The line clicked over and started ringing. And ringing. And ringing. I left a message. A day later, Maggie returned my call about "shipping a mattress."

"I'd like to ship some matchbooks to England. Not a mattress. I understand that international law prohibits the transport of flammable solids via air."

"Yes, that's correct."

"So I need to get the matchbooks to England on a boat."

"How many?" she asked.

"Less than a cubic foot. A small package."

"To London?"

"Yep."

"That'll run you roughly $450. I'll have to check with customs on their procedure for shipping flammables, OK?"

"No, thank you. Don't bother." I hung up.

Alas, I was "dead in the water," so to speak. Sorry, Julian. I tried. We'll have to wait for that trans-Atlantic tunnel.

Neither snow nor rain nor heat nor gloom of night stays these couriers from the swift completion of their appointed rounds.

Unless they're carrying matches.

-kp

Monday, February 1, 2010

"Pick of the Week" Archive - February 2010

HERE'S T' YOU

That bottle told the cops. I said she’d be back, but they’d found the body and then me, drinking her bubbly. What I’d shot was shot already, though, before the gun, back when she said, “Y’re dead’n’gone f’ me” and raised a fluted glass with that sharp-ass smile beneath the eyes I’d fallen into once.

--T.C. Marshall, Felton, CA

__________

TRAIN TRACKS

I could kill that bloody bird. I imagined tying it up and leaving it by the cat flap just like a villain trussing up a heroine and leaving her on the train tracks. When I returned I found it in three neat pieces. I stared at the cat flap. I was standing by the tracks. There was blood on my hands.

--Richard Ross, San Francisco, CA

__________

CENTRAL LOCALE

They left me at the place of impact.

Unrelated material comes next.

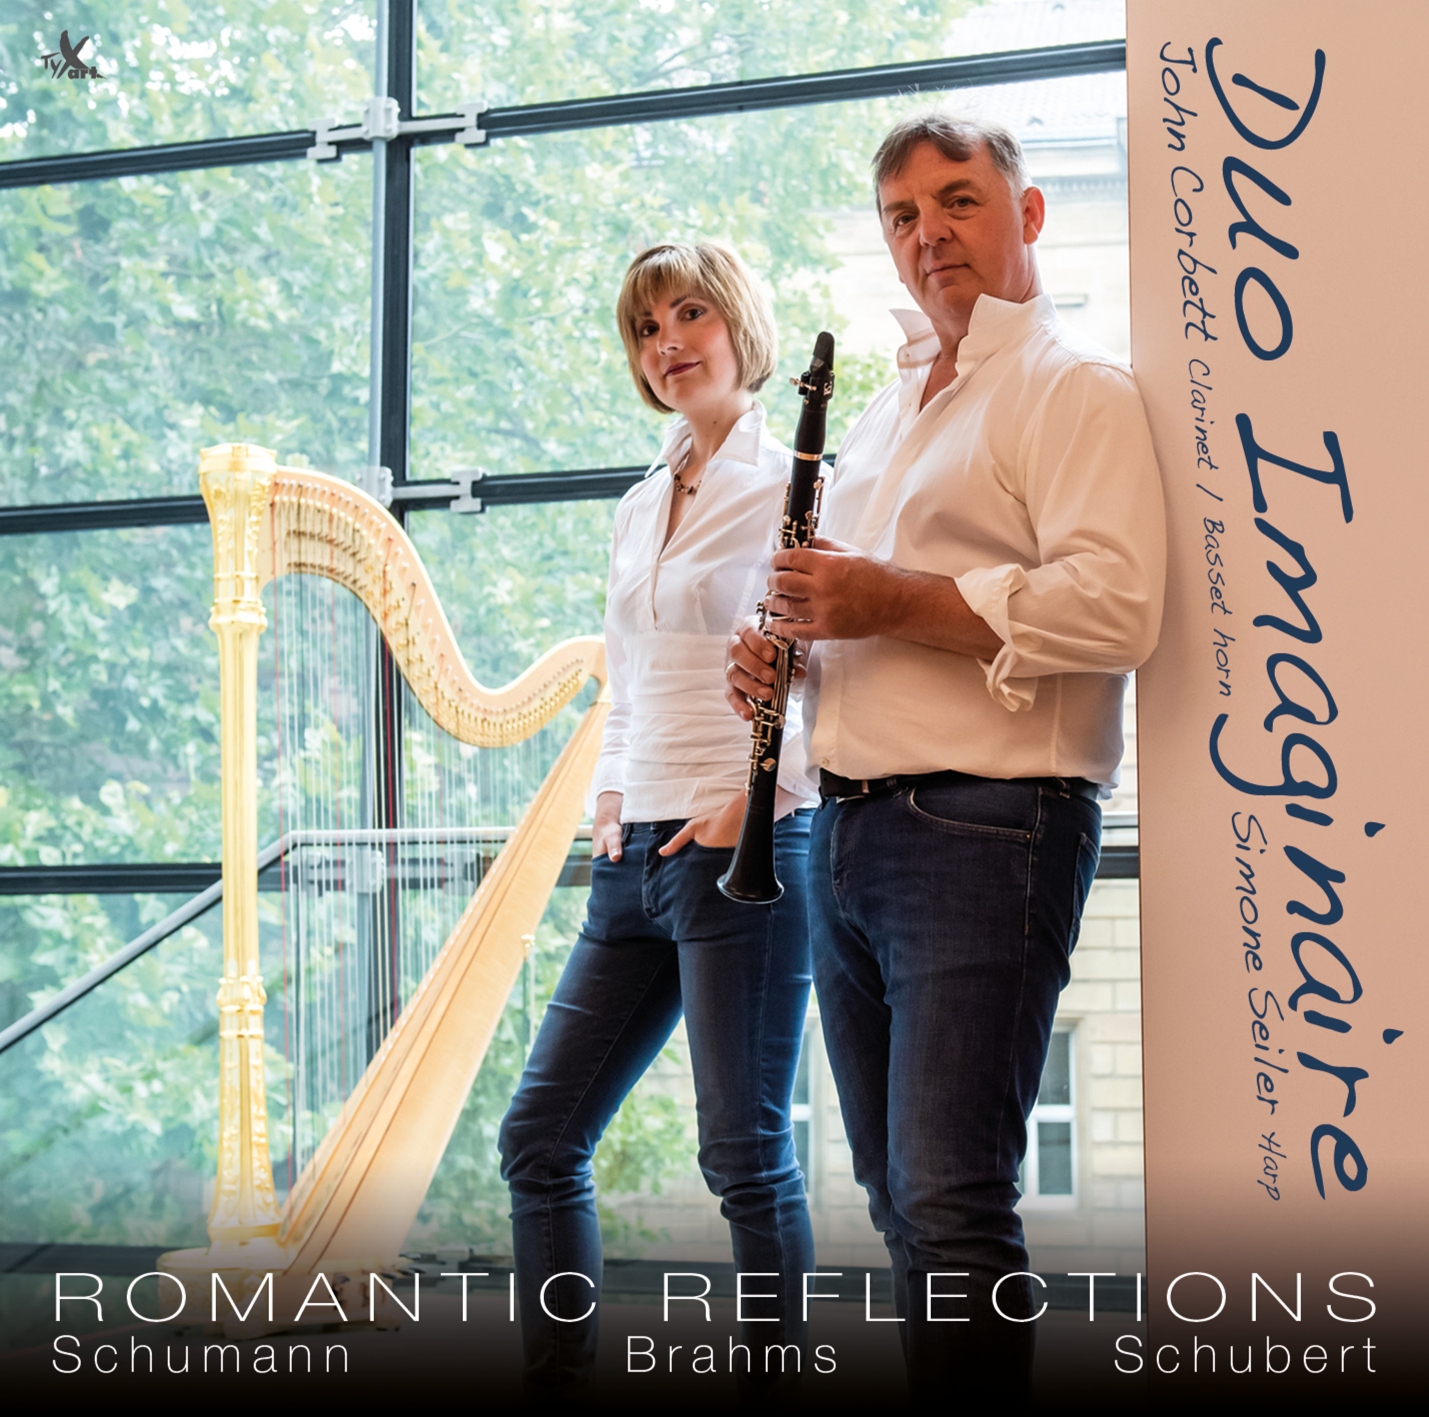 Romantic Reflections – Schumann Brahms Schubert - Duo Imaginaire

With the electrons swirling around the center, she yelled back "Must you always be so still when we crash."

--Fish Fishtofferson, Alameda, CA

__________

FOR YOUR GRANDMOTHER

Your grandmother does not like Calvino. She is letting you know this right now. “You’ve read Calvino?” you ask, frankly amazed. She has. In fact, unbeknownst to you, she started reading your copy while you were sitting right there at the kitchen table, line editing a story.

--Megan Fitzgerald, Scotts Valley, CA

Sunday, January 31, 2010

Southland Distribution Odyssey

Hi, All!

Below is a timeline of the L.A. distribution run. I made it, but just barely...

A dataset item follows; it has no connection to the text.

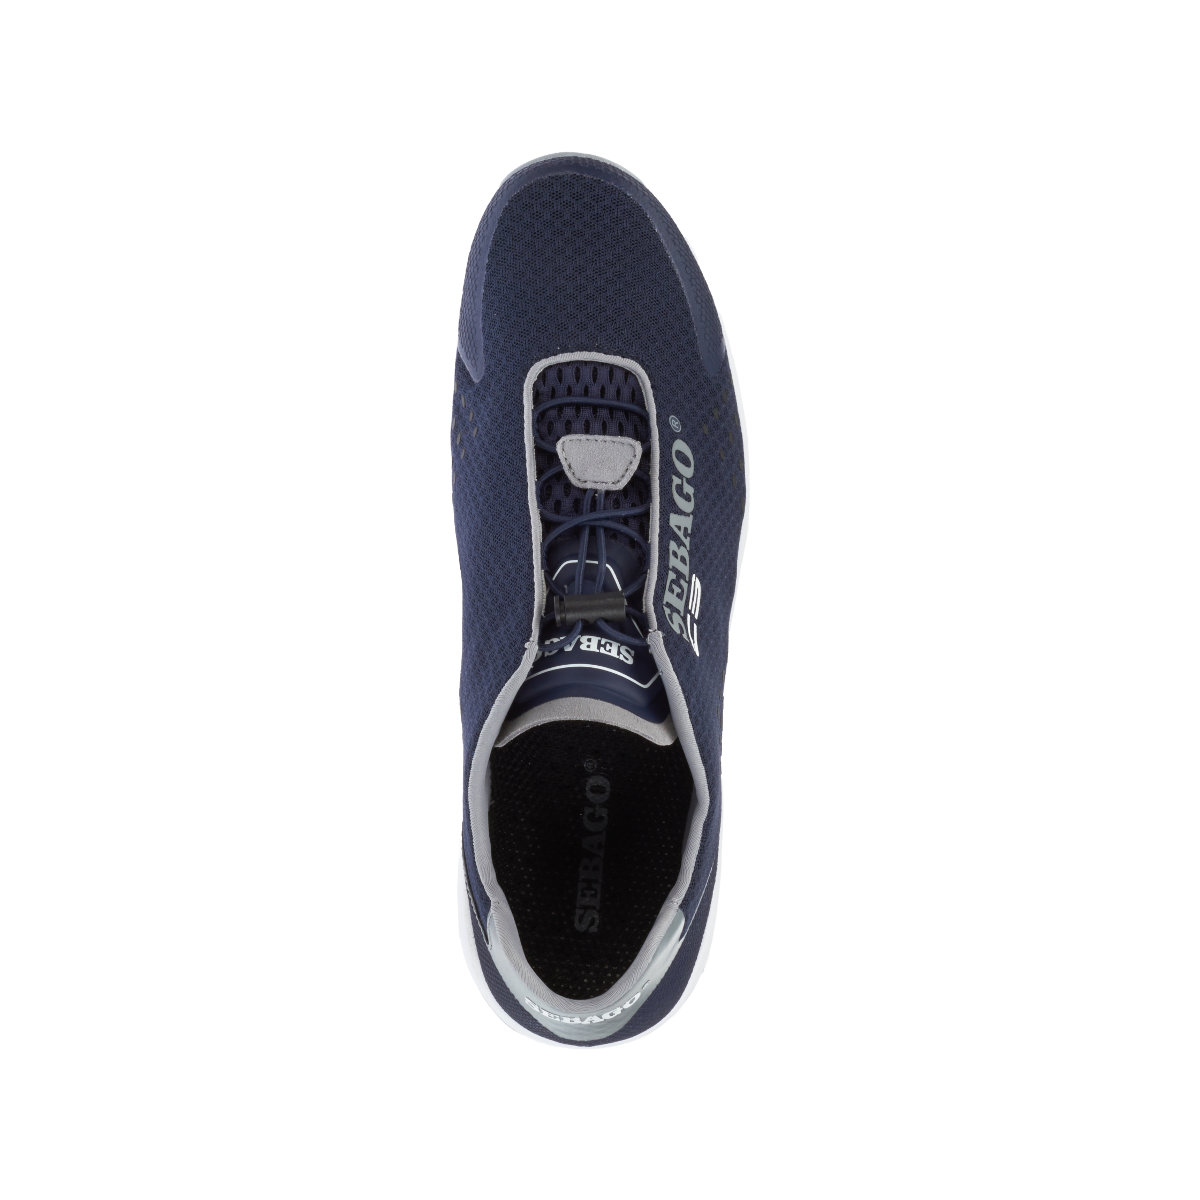 Sebago Cyphon Sea Sport chaussures à voile homme navy, taille EU 47 (US 12,5)

Friday, 1/22/10, 8:00 PM: after driving 6.5 hours on the 101S through intermittent rain, arrive in Los Angeles on 3 cylinders, -2 windshield wipers, and 0 heat.

Saturday, 1/23/10, 10:00 AM: car won't start; enlist friend (and friend's car) to distribute matchbooks throughout city.

10:00 AM - 6:00 PM: distribute matchbooks to the following stores:

Skylight Books
Counterpoint Records & Books
Book Soup
Stories
Metropolis Books


Sunday, 1/24/10, 11:00 AM: return to car, install new spark plugs; car still won't start.

11:00 AM - 6:00 PM: check/adjust the following:

distributor and rotor
points and timing
valves
gas and carburetor
battery

No dice.

Monday, 1/25/10, 6:55 AM: call supervisor, inform that I'm stranded in L.A. and won't make work.

7:00 AM - 8:00 AM: panic, ask myself, "In order to get home today, do I...

a) buy new parts, install, and maybe solve car problem, or
b) tow car to mechanic and let the experts do their thing?

9:30 AM: tow car to E&C Motors in Reseda.

10:30 AM - 11:30 AM: stump veteran VW mechanic with mysterious car problem, think, "Will I ever get home?"

11:30 AM: try last possible solution--car STARTS!

11:30 AM - 6:OO PM: after driving 6.5 hours on the 101N through intermittent rain, arrive home on 4 cylinders, -2 windshield wipers, and 0 heat.

Big thanks are sincerely given to the following friends and saviors:

Owen & Emily, for cool-headed advise, a blow-up mattress, and whiskey.
Rob & Anat, for transportation, navigation, conversation, and libation.
Leagh, for cellular roadside assistance.
Brandon, for cellular roadside assurance.
Natalie, for holding it all together.